Смольный институт. Дневники воспитанниц - Е. Мигунова
Шрифт:
Интервал:
Закладка:
Инспектриса наблюдала за их поведением. Труд более чем легкий. Для того чтобы в наших крепко запертых стенах могло совершиться что-либо, – надо было, чтобы начальство само потворствовало, или было бы уже совсем слепо….
За пепиньерками могла бы наблюдать и директриса, или по очереди, недежурные дамы. Было бы все то же. Свободного времени у наших властей оставалось очень много, нисколько не посвященного юношеству…. Да и посвященное-то время!..
Грустная жизнь! Никто, никогда из этих старших не собрал нас вокруг себя, попросту, как делают добрые люди, сбросив чинность, искренно и сердечно… прочесть вместе хорошую книгу, поработать вместе с нами, в тесном кружке, посмеяться нашим шалостям, потолковать о Божием мире, об его радостях и горе, и о своем горе… мы за него сумели бы полюбить. Но мы не знали ничего подобного. Да и не те были люди!
После Пасхи, в которую мы немного отдохнули, Анна Степановна опять принялась за свое. Ее сердитое лицо сводило нас с ума; мы не знали, что делать…
В один прекрасный день, Варенька написала следующее: «Милые папа и мама, мне очень скучно, а наша классная дама – ведьма, какую вы не можете себе вообразить…»
Письмо было отправлено. Но чему оно могло помочь в настоящем? В настоящем, мы, наконец, решились покориться. Так в одно дежурство Анны Степановны нам точно удалось мастерски просидеть истуканами. Никто даже не чихнул в несвободное время. Лицо Анны Степановны немного расправилось. Мы дружно удвоили усилия.
Шорох шагов, шелест бумаги, скрип пюпитра, скрип пера, – все утишилось, замерло, обратилось в ничто…

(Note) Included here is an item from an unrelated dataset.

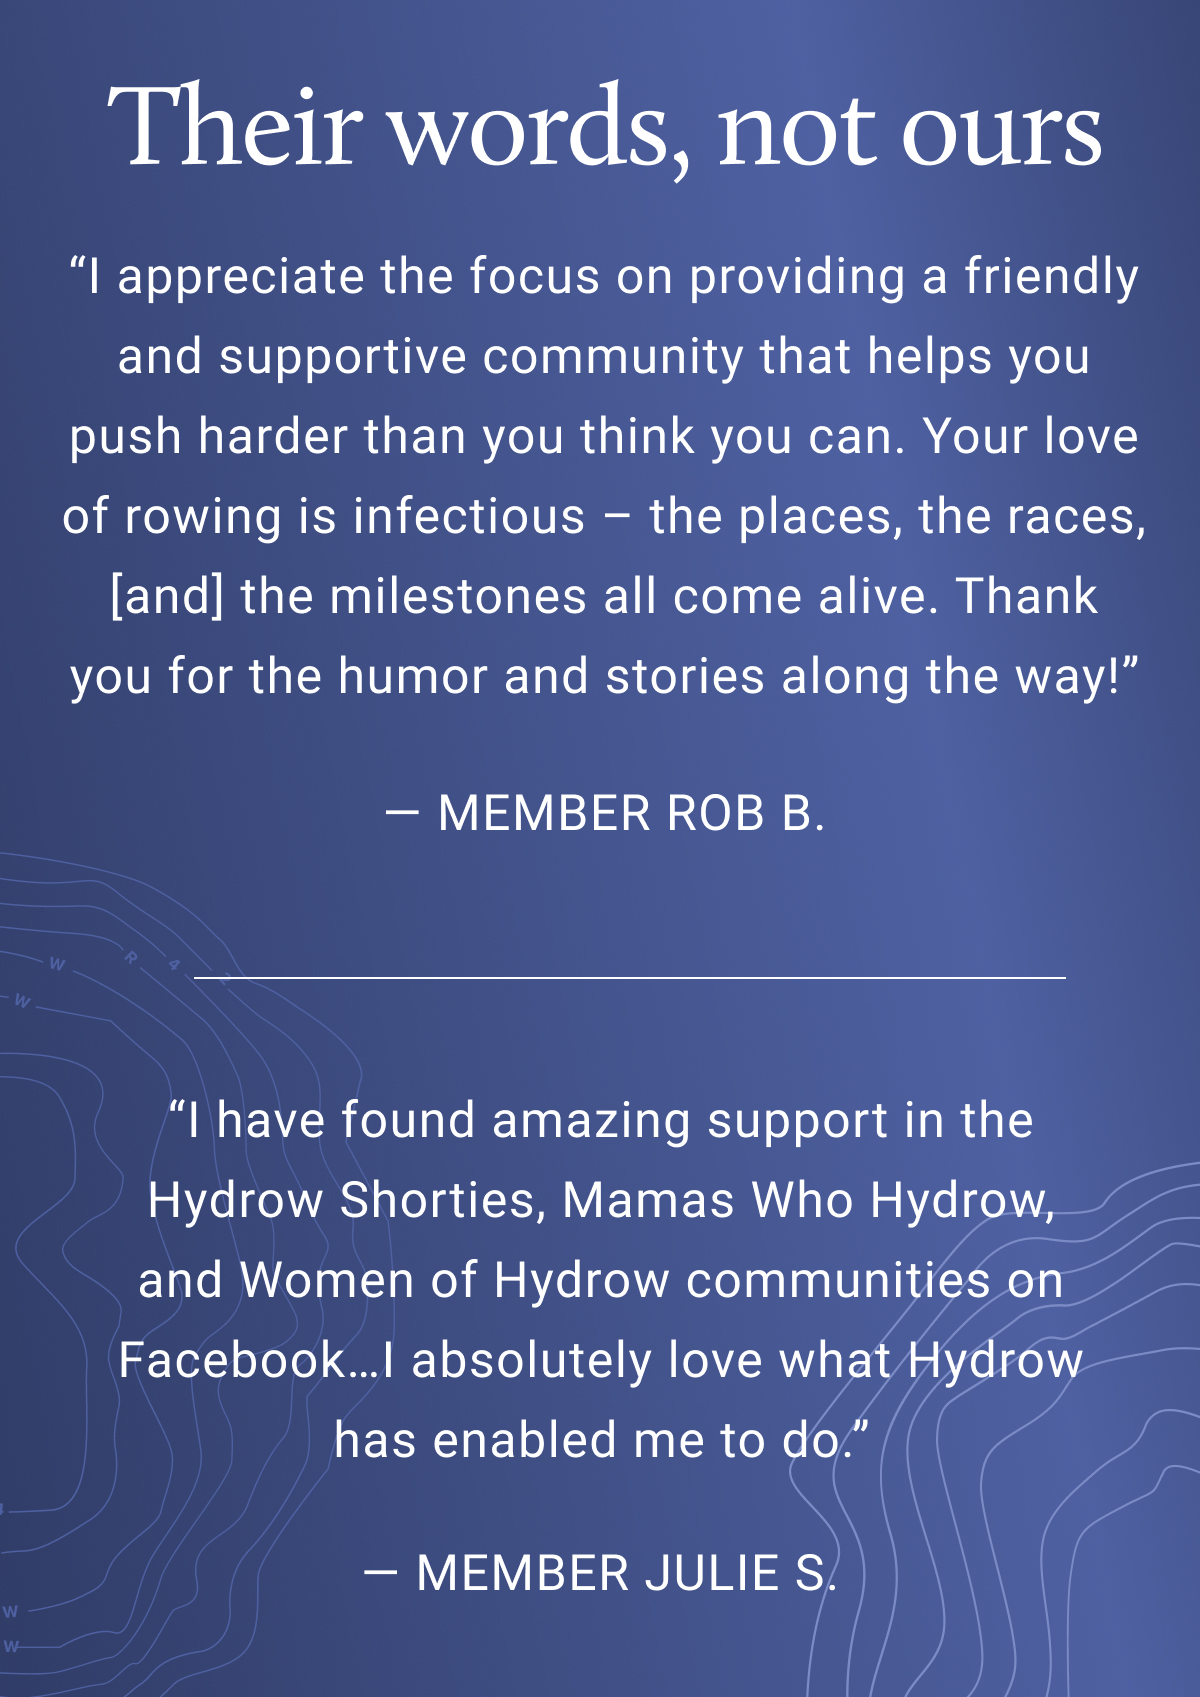 Their words, not ours. I appreciate the focus on providing a friendly and supportive community that helps you push harder than you think you can. Your love of rowing is infectious — the places, the races, [and] the milestones all come alive. Thank you for the humor and stories along the way! - Member Rob B. I have found amazing support in the Hydrow Shorties, Mamas who Hydrow, and Women of Hydrow communities on Facebook... I absolutely love what Hydrow has enabled me to do. - Member Julie S.
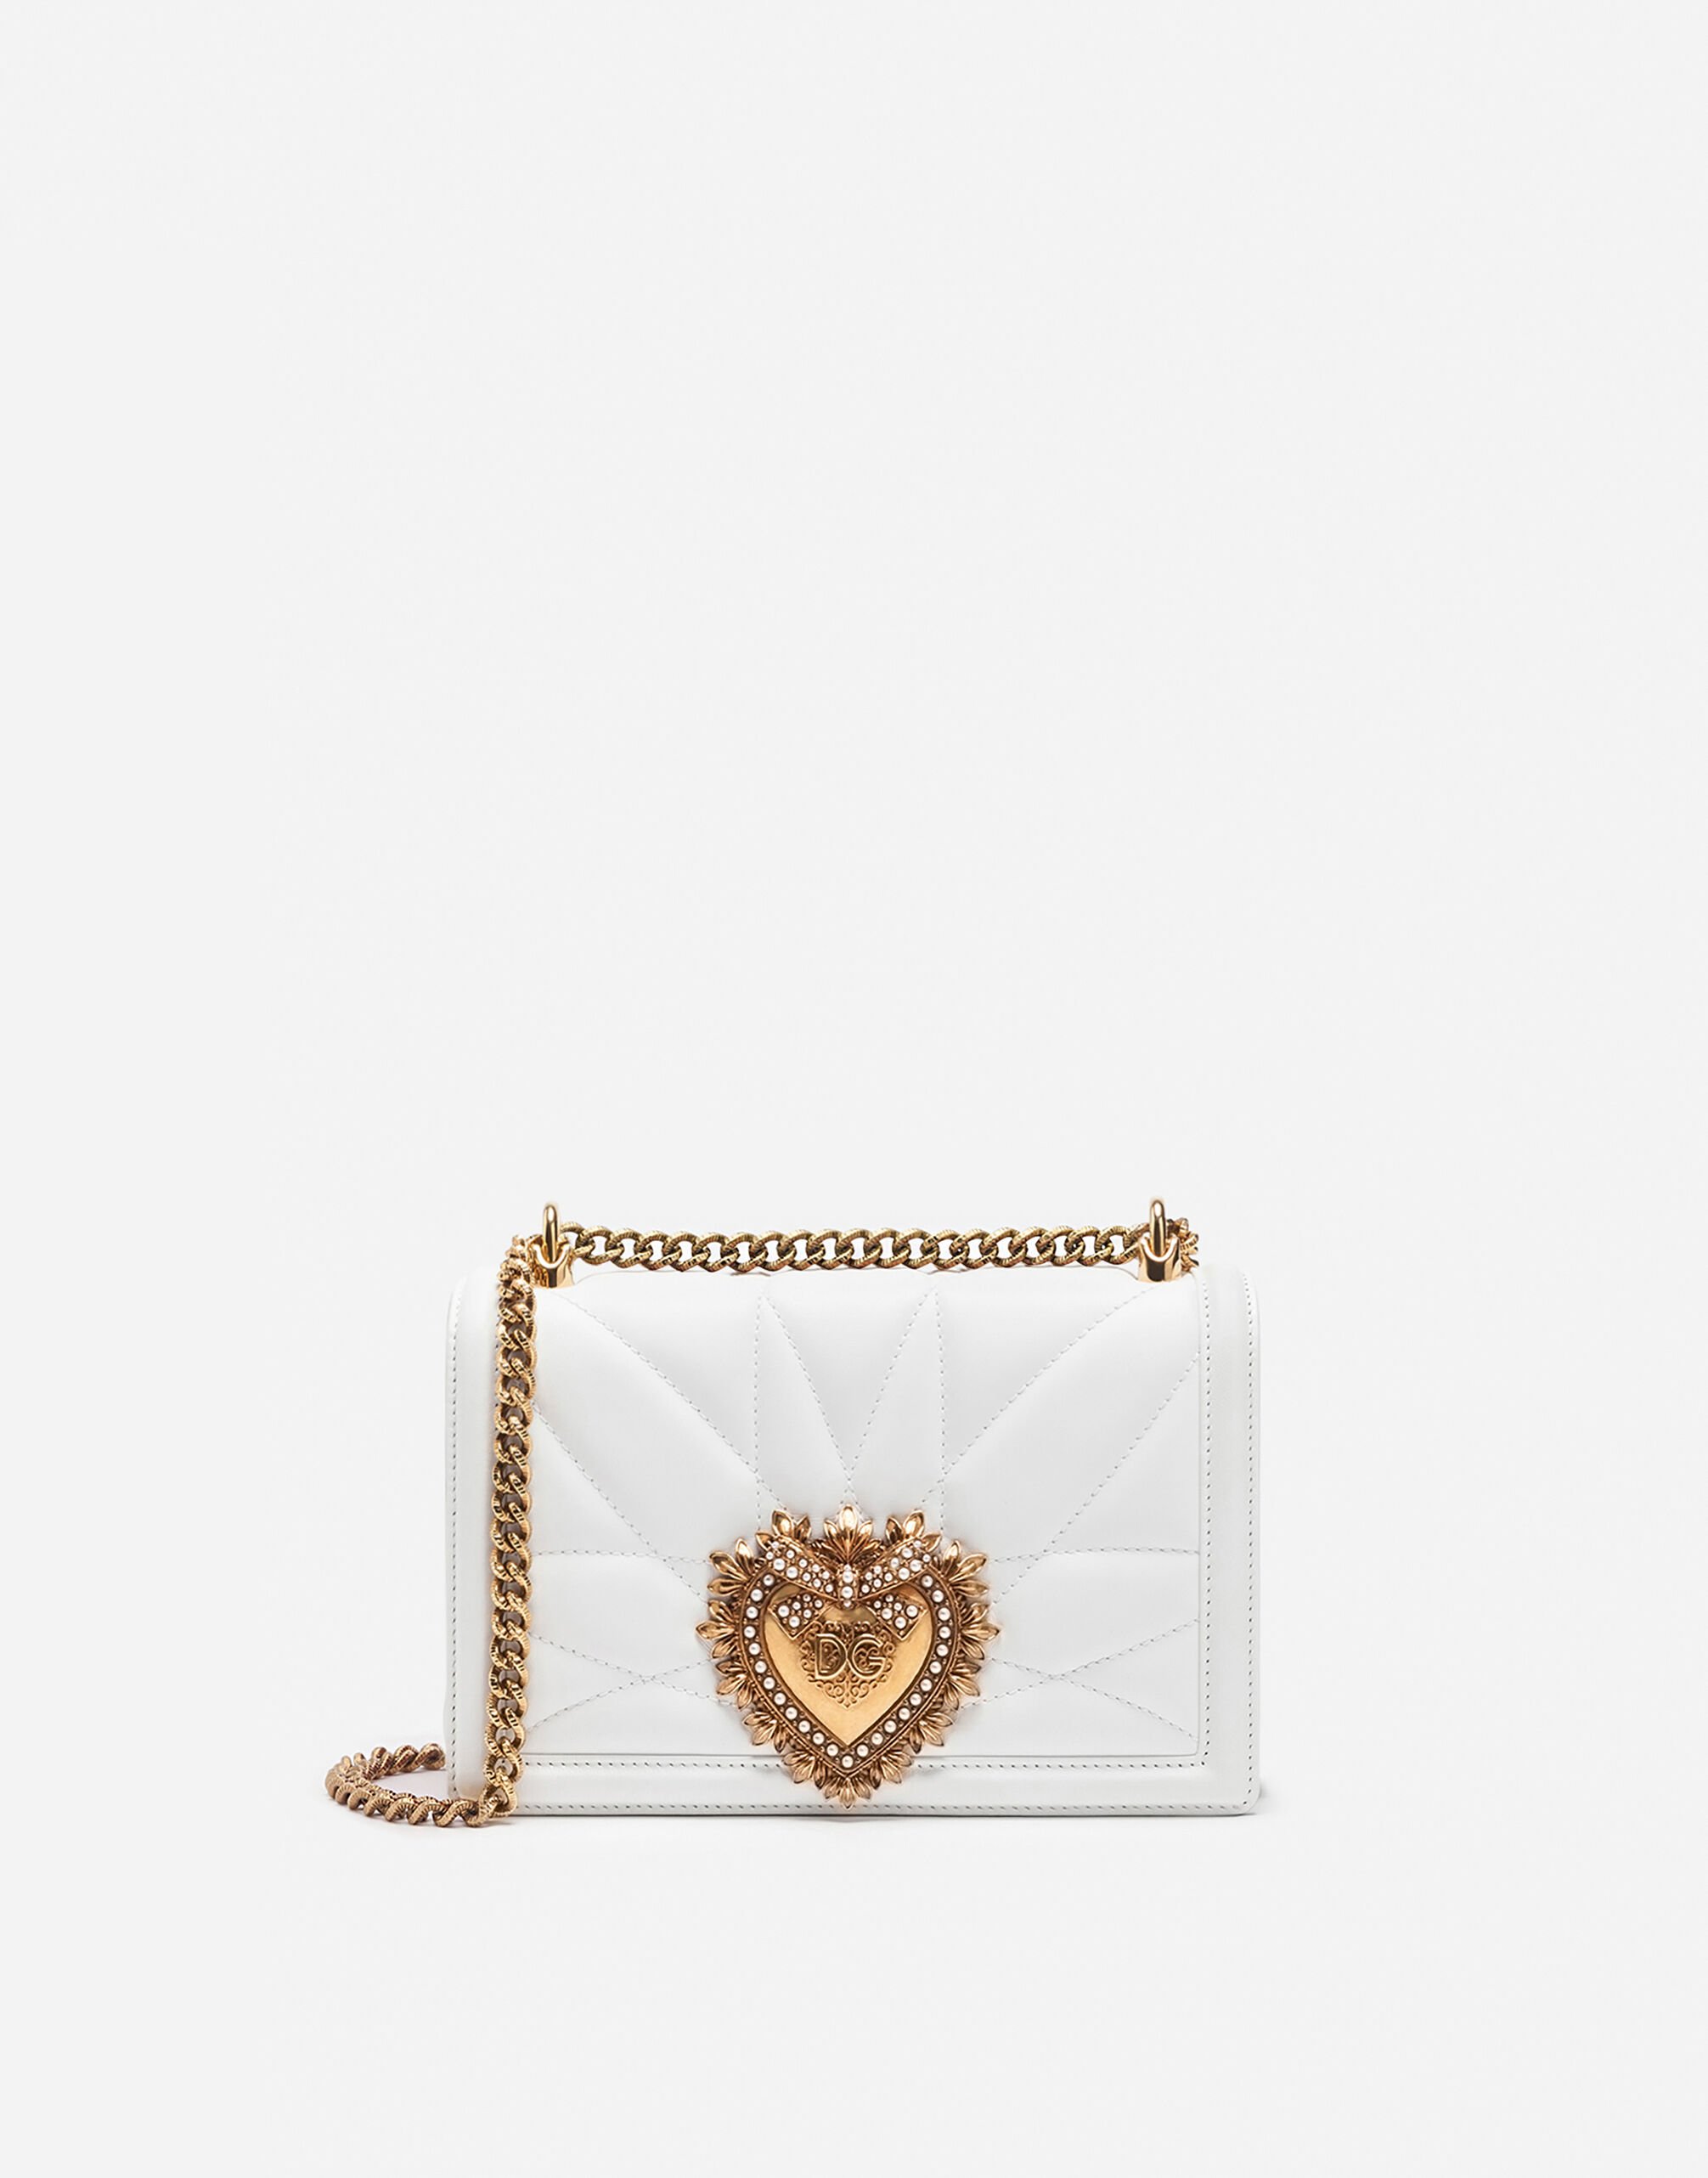 Dolce & Gabbana Medium Devotion crossbody bag in quilted nappa leather White BB7100AW437

Какая странность! с отчаяния, что ли, или мы прониклись пользой безгласия, но наши усилия стали нам нравиться. Мы стали даже придумывать, как бы перещеголять одна другую. Мы сумели прожить так две недели.
Анна Степановна торжествовала.
И в одно утро, к крайнему нашему изумлению, она объявила нам, что директриса, уведомленная о нашем хорошем поведении, приказала «наградить» нас.
Сюрприз не вызвал в нашей душе и тени благодарности. Мы только сбились в понятиях об Анне Степановне. Она сама сбила нас с толку еще более. Почти с того времени она видимо перестала требовать того, о чем до сих пор так усердно хлопотала. Мы стали двигаться, как прочие отделения, даже шумнее. Страх сошел с дортуара, то есть с массы; с тех пор он являлся только в частных бедствиях, но и здесь принял другой характер…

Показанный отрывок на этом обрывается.